Log pulse learns from your log files. It uses a machine learning algorithm that Michael Dropps came up with. It is a go package that can be consumed and used for use for anyone. The package itself just reads lines of strings and returns what it thinks is out of place. That way when you are trying to find that error in your logs, you don't spend hours searching and looking. We have made a simple application around it to show case it's ability.
The application is simple. If you run it with no flags or arguments it will read the PulseConfig.toml file and read those files listed there. If you include arguments but no flags then the arguments must be filepaths to logs you want to read. EX LogPulse someFile.log anotherFile.log waitHereIsAnother.log.
LogPulse accepts one flag -api. It accepts a file on an endpoint in the body and runs the algorithm. It will email the user when it is done with all the anomalies it could find (we are using MailGun). If you wanted to run local you could supply an SMTP config file (location is set in PulseConfig.toml and must be a toml file). This is were the credentials are so you are able to send emails locally.

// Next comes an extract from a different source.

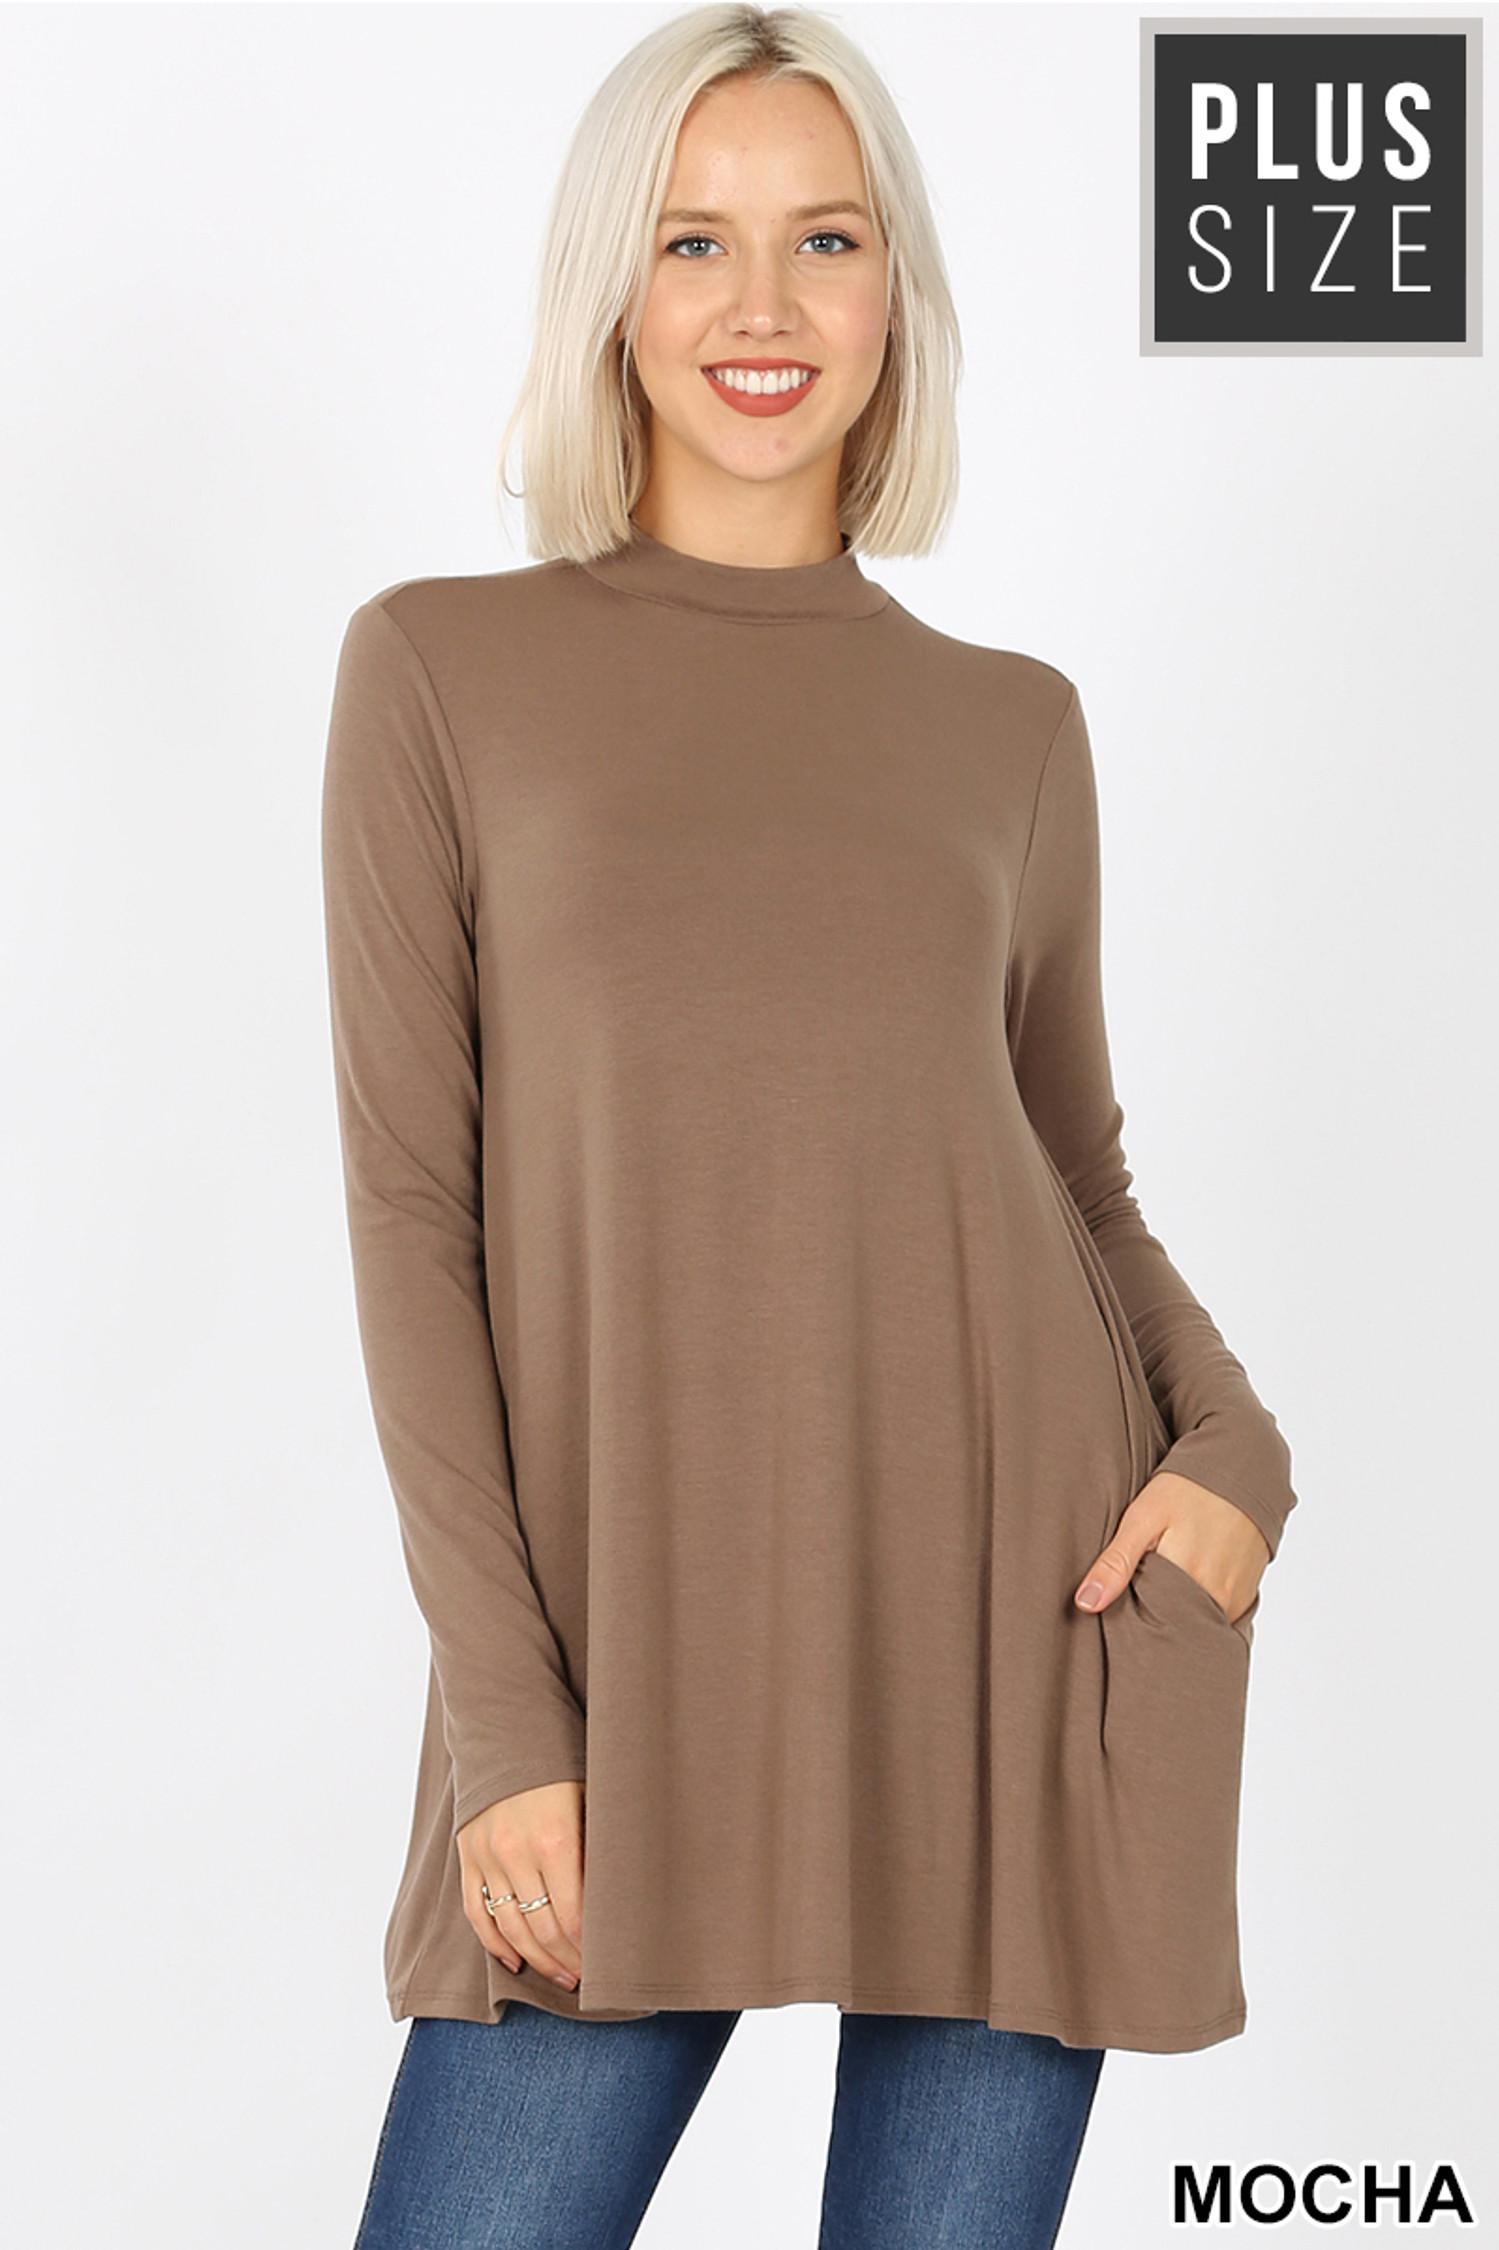 Front image of Mocha Long Sleeve Mock Neck Plus Size Top

You could have the SMTP config file setup and run LogPulse without the -api flag and it would send emails as well. If no email option is set it will save all emails (subject and body) to the output file that is specified in the PulseConfig.toml
- As A Package
- [Video Demonstration] (https://youtu.be/KddVBH__ZHw)
- Install
- Running
- Team
- Support
To use the algorithm just import the package as such!
import "github.com/gophergala2016/Pulse/pulse"
This package exposes the Run(chan string, func(string)) function. You just need to create a channel that you are going to use. It does require that it is passed in line by line as well. The func(string) is a function that is called whenever an unusual string comes by. It is highly recommended that if this is being written to a file to buffer a few strings before you write. Then when you have read all strings dump the rest of the buffer in the file.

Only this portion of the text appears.